> _TASK TO COMPLETE_: Please write out every line of the listing without alteration, but omit the images.

> _RECORDED INFORMATION_:
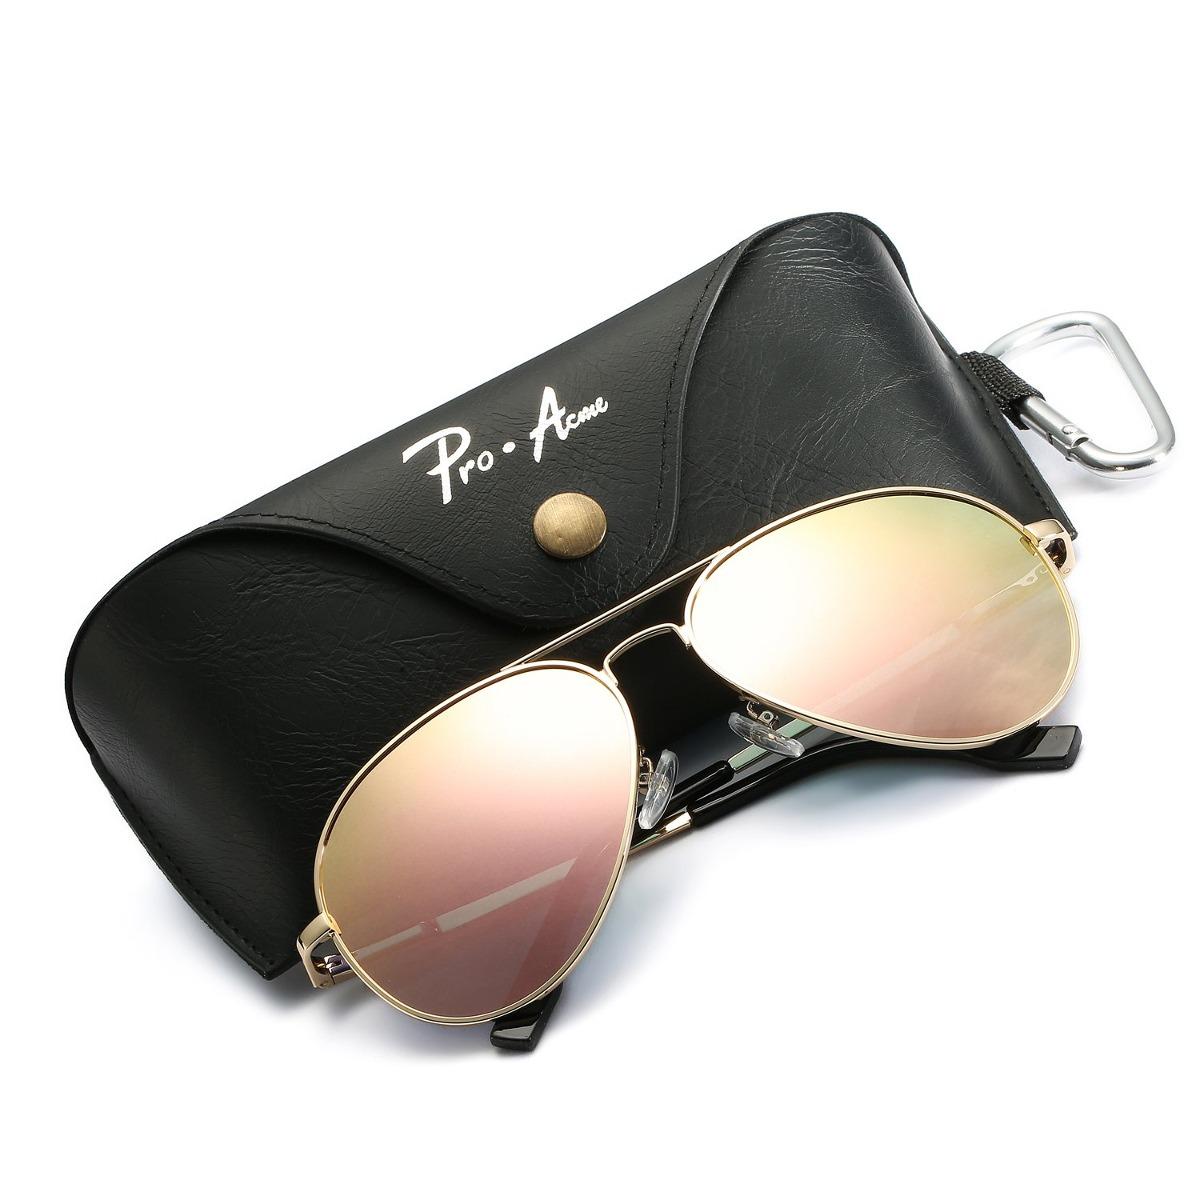 b7e4e5a382a gafas de sol estilo aviador para hombre con lentes polari. Cargando zoom.
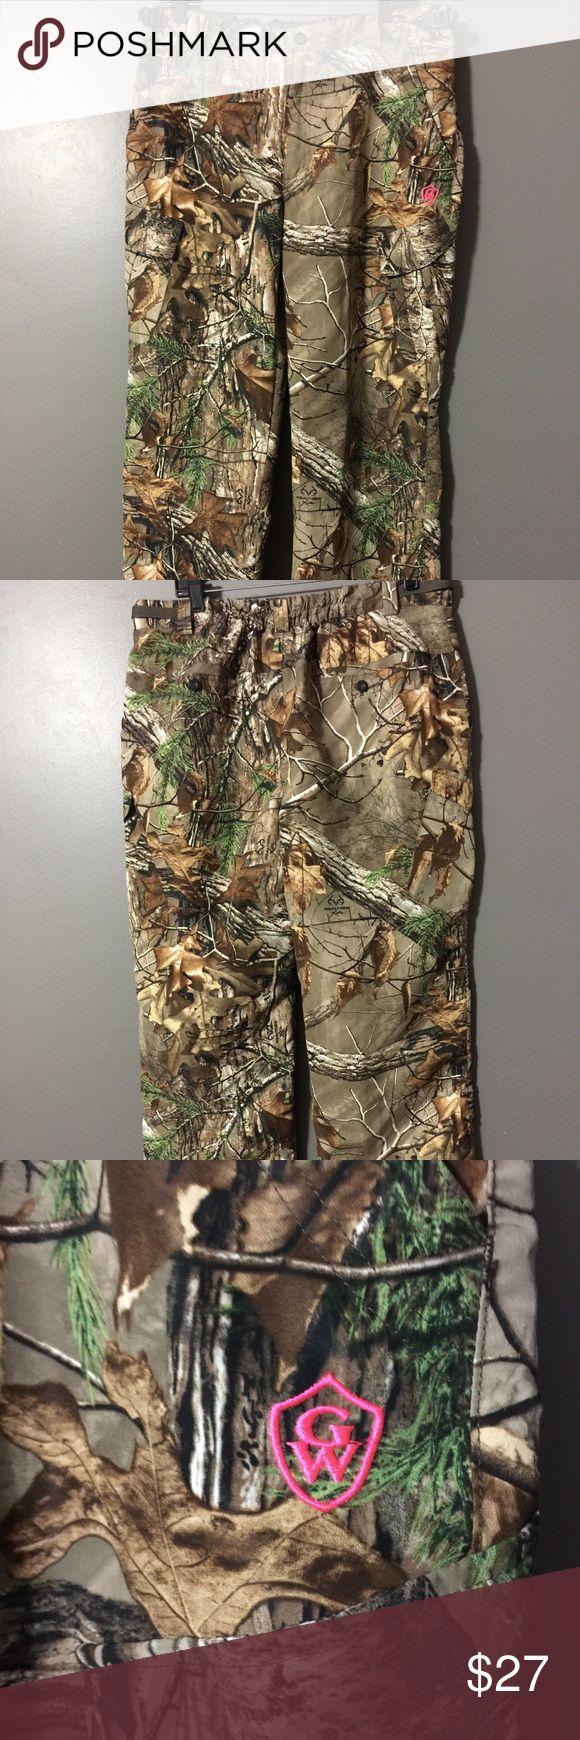 Realtree Xtra Camo Hunting Pants Realtree Xtra Camo Hunting Pants Soft Shell Womens Ladies Cargo Size XL Game Winner Pants
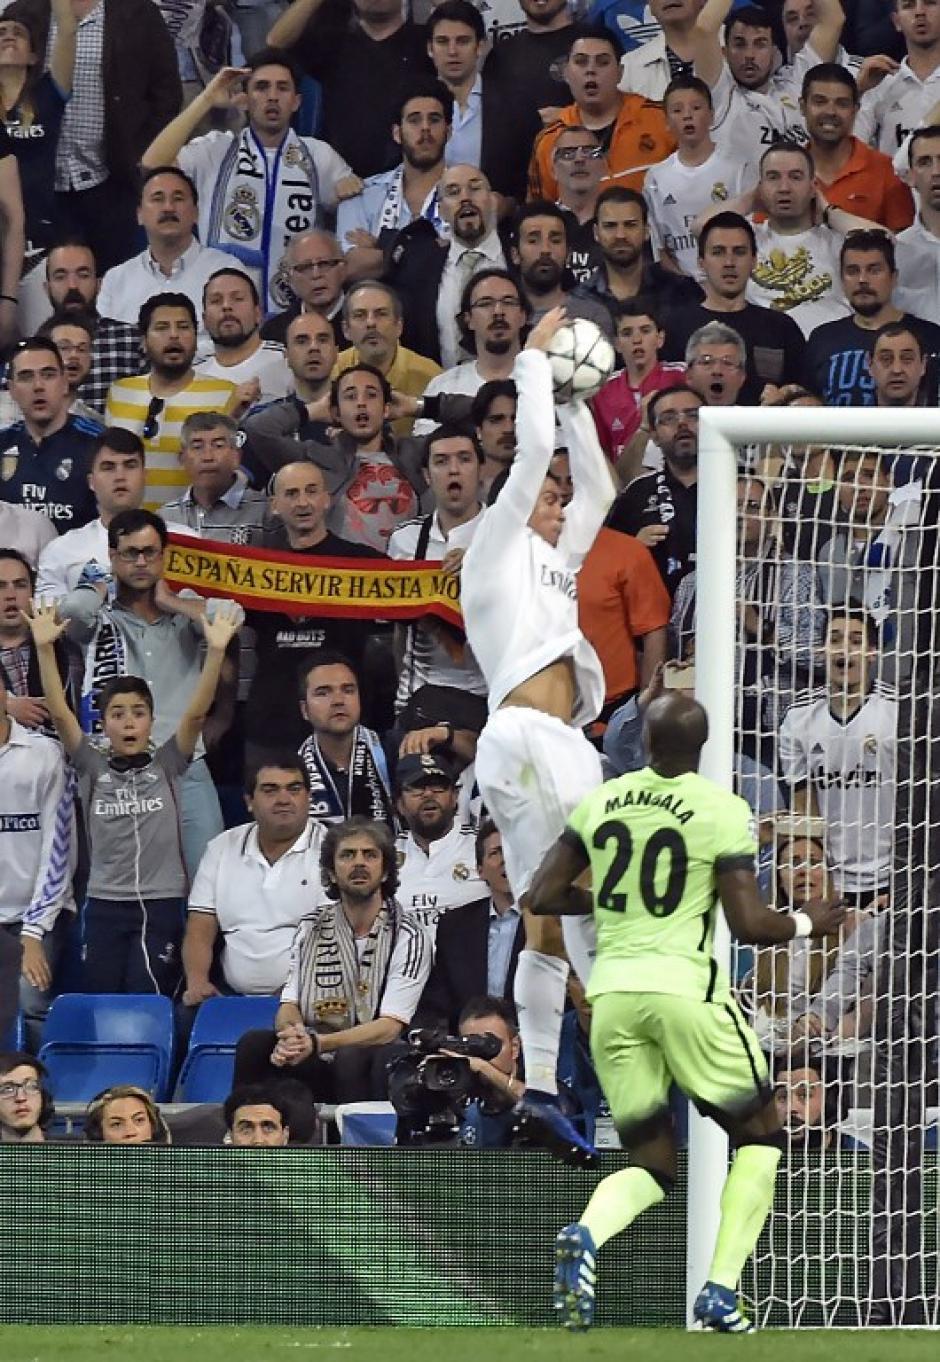 La polémica se desató pues pedían amarilla para el jugador merengue. (Foto: AFP)

> _OUTPUT FOR THIS EXERCISE_:
 b7e4e5a382a gafas de sol estilo aviador para hombre con lentes polari. Cargando zoom.
 Realtree Xtra Camo Hunting Pants Realtree Xtra Camo Hunting Pants Soft Shell Womens Ladies Cargo Size XL Game Winner Pants
 La polémica se desató pues pedían amarilla para el jugador merengue. (Foto: AFP)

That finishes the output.